SLURM notes
The compute cluster at HMS uses SLURM as a job scheduler. It has taken be a good 6 months of working on the cluster on and off to have gotten efficient at using it as a compute cluster and not just a high powered node on the interactive partition.
The painful part of the tooling in bioinformatics is that a lot of the pipelines eventually involve R, and R packages are really not meant to be run as scripts. I am still struggling to find a way of running R scripts with easy debugging from the command line.
Useful bash aliases
alias sint="srun --pty -p interactive -t 0-2:00 --mem 2G -c 2 /bin/bash"

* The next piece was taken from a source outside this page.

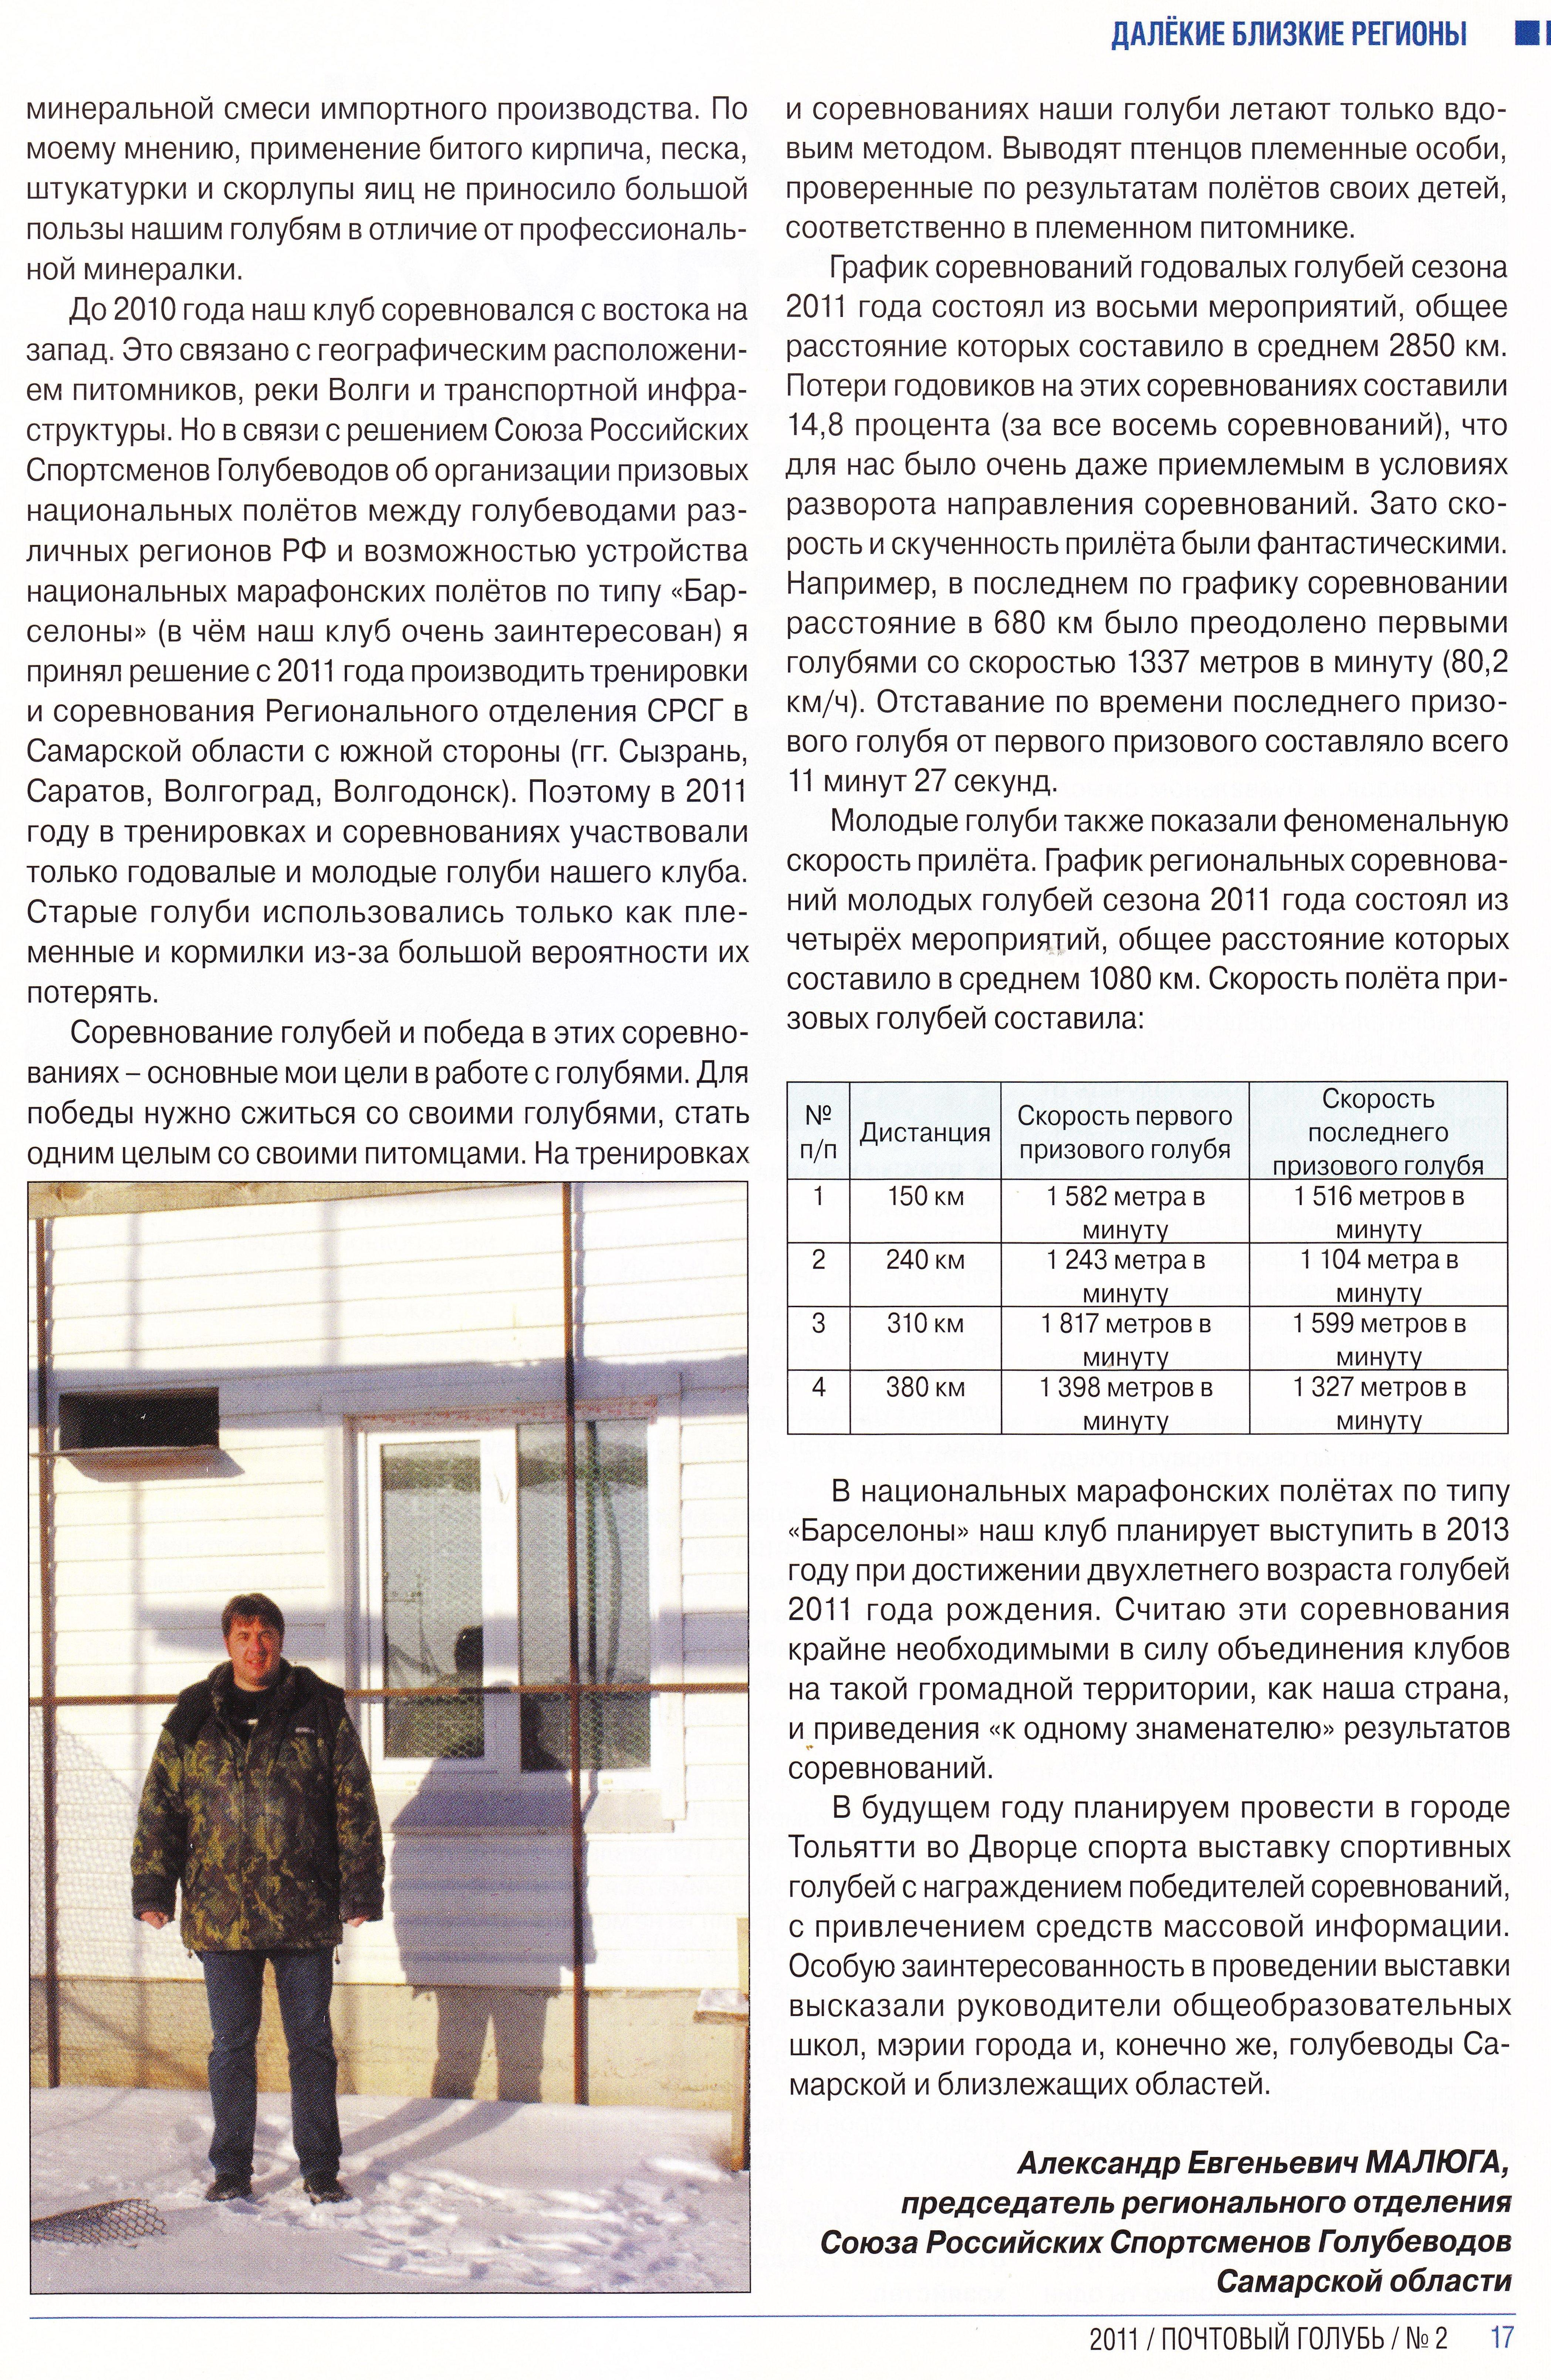 http://forumupload.ru/uploads/0012/5a/ef/2/473952.jpg

alias ws="watch squeue -u $(whomai)"
Snakefile cluster config
{
"__default__" :
{
"n" : 1,
"c" : 1,
"p" : "short",
"mem" : "4G",
"t" : "0-0:30"
},
"metaspades" :
{
"c" : 4,
"mem" : "8G",
"t" : "0-0:45"
},
"cutadapt" :
{
"c" : 4,
"mem" : "2G",
"t" : "0-1:00"
},
"kraken2" :
{
"c" : 4,
"mem" : "64G",
"t" : "0-0:30"
},
"usearch" :
{
"t" : "0-1:00"
},
"blca" :
{
"mem" : "8G",
"t" : "0-1:00"
},
"bowtie2" :
{
"c" : 8,
"mem" : "8G",
"t" : "0-0:30"
},
"blastn" :
{
"c" : 6,
"t" : "0-"
}
}
And finally this is a useful sbatch template which sends you an email when the job finishes.
#!/bin/bash
#SBATCH -p short
#SBATCH -t 0-1:0:0
#SBATCH -c 4
#SBATCH --mem=16G
#SBATCH -o %j.out ## %j uses job id
#SBATCH -e %j.err ##
#SBATCH --mail-user=you@email.id
#SBATCH --mail-type=END
# module load commands
YOUR COMMAND HERE